The user can then call, for example, "Peter" by saying the
respective speech command "Peter" or by tapping on the item "Peter"
26a as displayed on the touchscreen 6.
[0068] Accordingly, a sub menu related to sending of an email is
generated, when the speech command "MAIL" is detected, a sub menu
related to displaying a map is generated, when the speech command
"MAP" is detected, and a sub menu related to invoking an internet
search is generated, when the speech command "SEARCH" is detected,
etc.
[0069] In the present embodiment, the scope of available speech
commands is limited to the speech commands displayed on the
touchscreen 6, in order to enhance the recognition accuracy.
[0070] In the case that the processor 2 detects a speech command in
the received sound wave data, the detection is acknowledged to the
user by highlighting the respective command on the touchscreen
(changing color) and by generating a respective acknowledged
sound.
[0071] In the case that the user decides not to call, he can turn
the mobile terminal 1 back, i.e. counter-clockwise, roughly about
the first tilt angle into the normal position.
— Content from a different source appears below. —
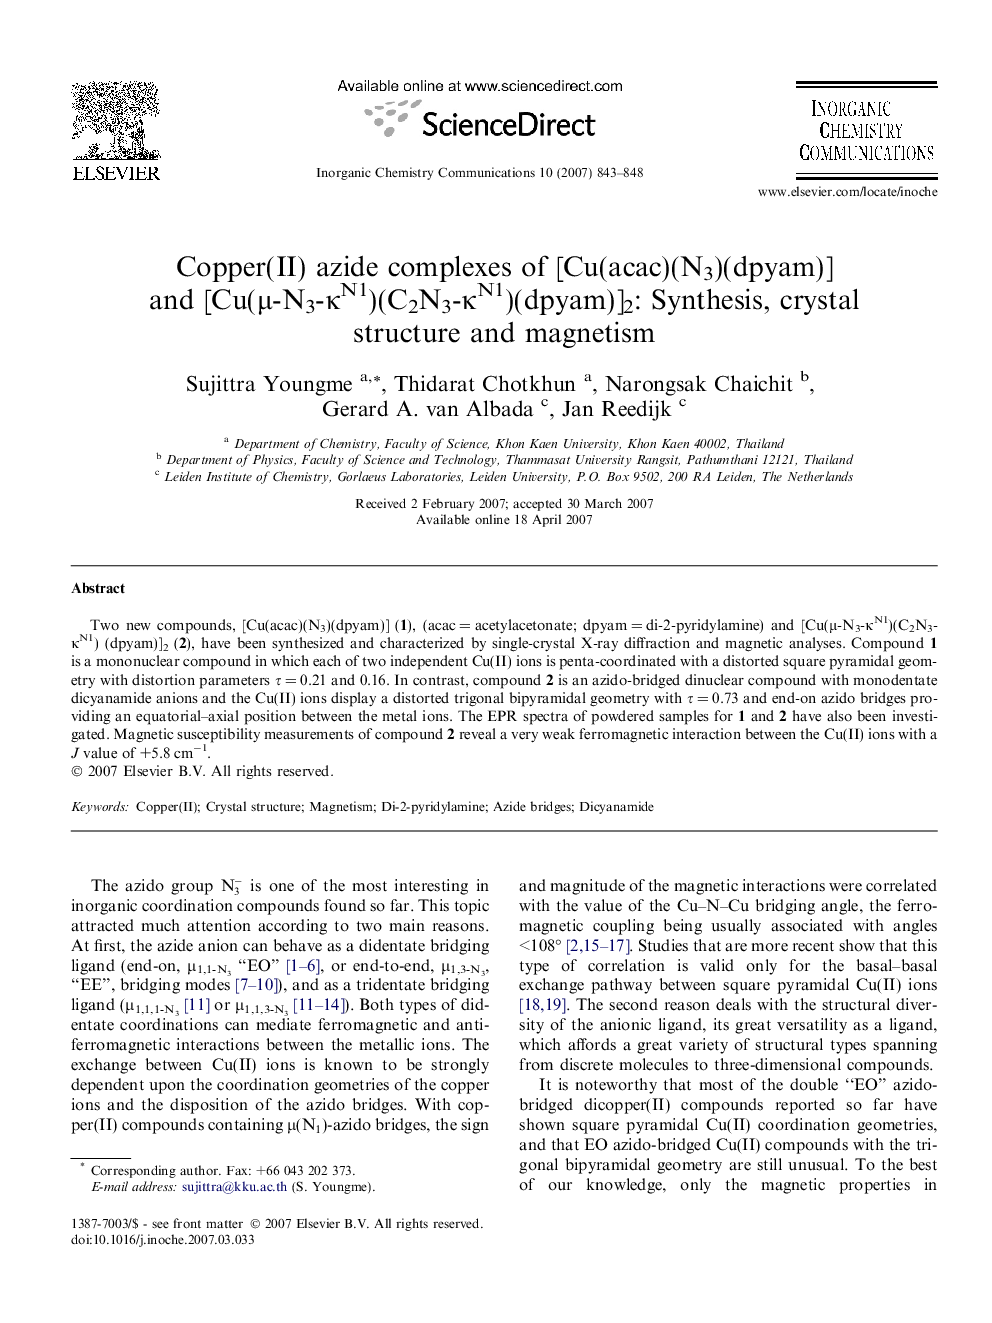 Copper(II) azide complexes of [Cu(acac)(N3)(dpyam)] and [Cu(Î¼-N3-ÎºN1)(C2N3-ÎºN1)(dpyam)]2: Synthesis, crystal structure and magnetism
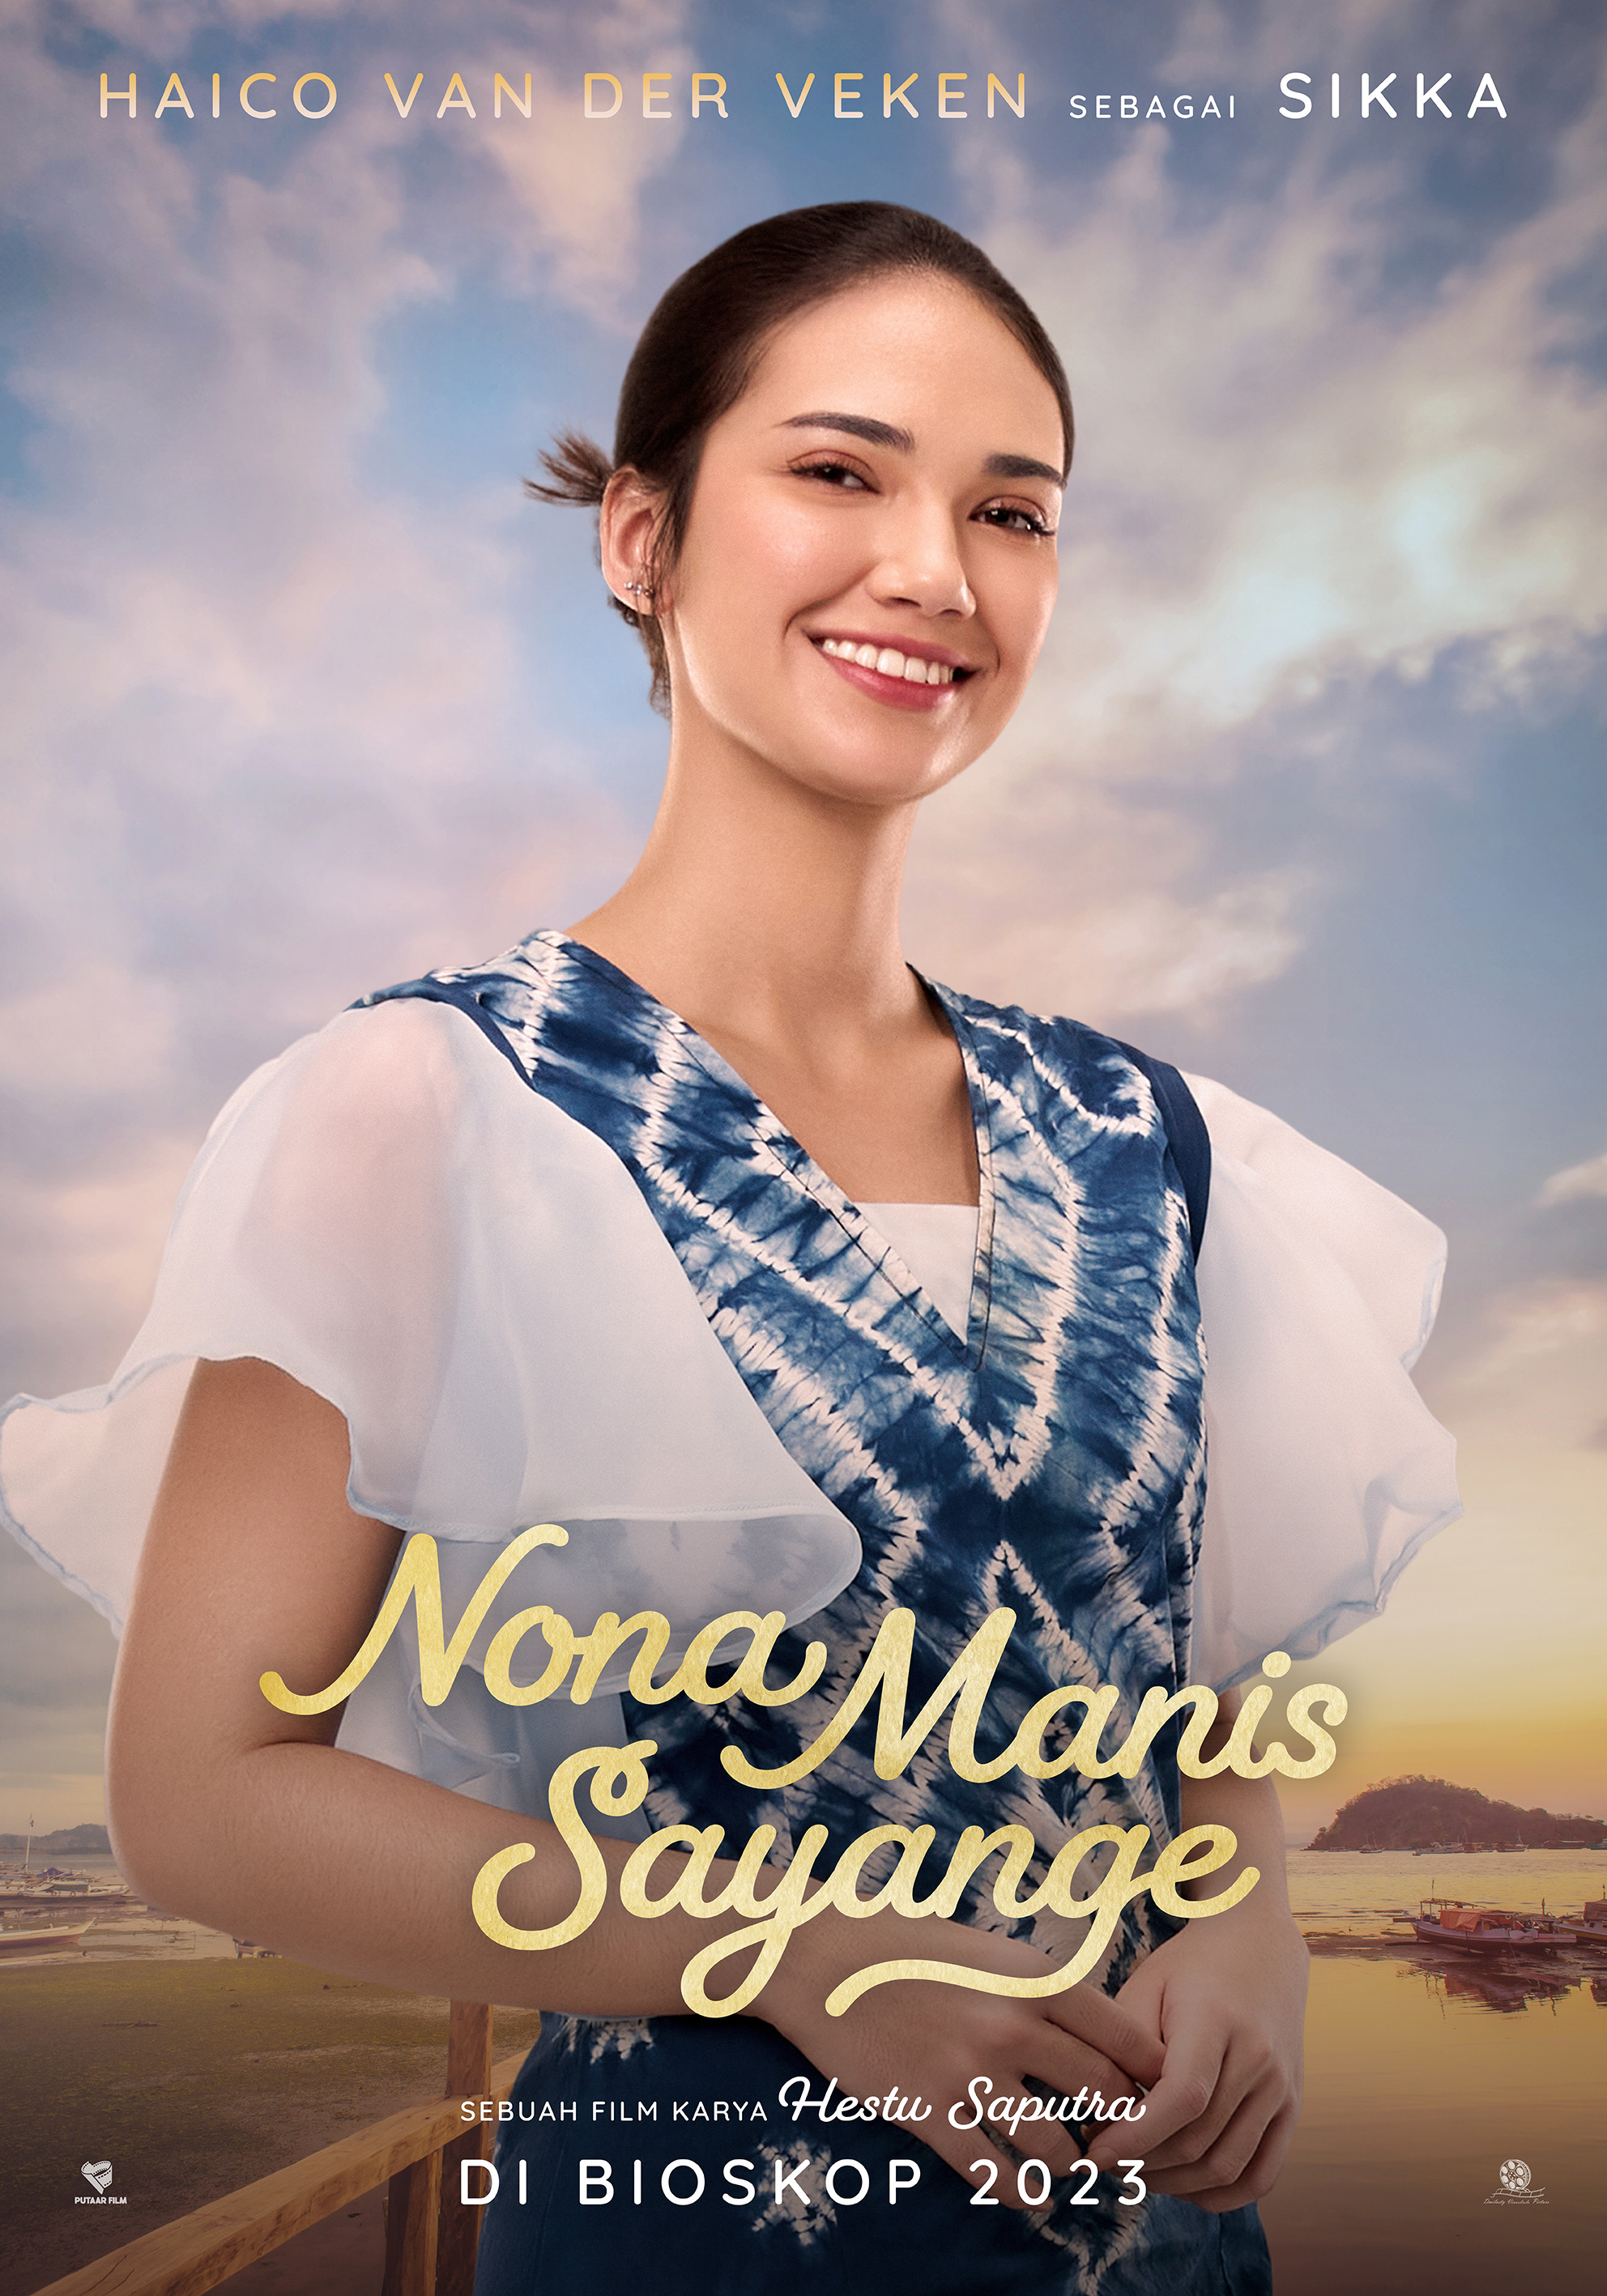 Mega Sized Movie Poster Image for Nona Manis Sayange (#4 of 6)

This movement is
detected by the movement sensor 3 which transmits the corresponding
movement data to the processor 2, which in turn detects the
backward movement of the mobile terminal 1 and generates and
displays the main menu 20 again on the touchscreen 6. Thereby, a
forward and backward navigation between the main menu 20 and the
sub menu 25 is implemented.
[0072] When the user turns the mobile terminal 9 counterclockwise
around the vertical axis 9 about a second angle .alpha.2 a second
movement type is detected and another (second type) sub menu 31
(FIG. 5) is generated by the processor 2 and displayed on the
touchscreen 6. In the present embodiment, the sub menu 31 is a
"SETTINGS" menu which includes speech commands allowing to adapt
the settings of the mobile terminal 1. The settings sub menu 30 has
a list 31 of speech commands 31a to 31f, namely "Brightness up" 31a
for increasing the brightness of the touchscreen 6, "Brightness
down" 31b for decreasing the brightness of the touchscreen 6,
"Volume up" 31c for increasing the loudness of a loudspeaker of
mobile terminal 1, "Volume down" 31d for decreasing the loudness of
a loudspeaker of mobile terminal 1, "WLAN on" 31e for turning on
the WLAN interface, and "WLAN off" 31f for turning off the WLAN
interface.
[0073] The user can select one of the speech commands 31a to 31f of
the list 31 of speech commands by saying the respective command or
by tapping on the respective command as displayed on the
touchscreen 31.
[0074] In the embodiment of FIG. 5a, the list of speech commands 31
is totally different from the list of speech commands 21 of the
main menu 20. In other embodiments, the list of speech commands
displayed upon detection of the first and second movement,
respectively, differ only partially from each other.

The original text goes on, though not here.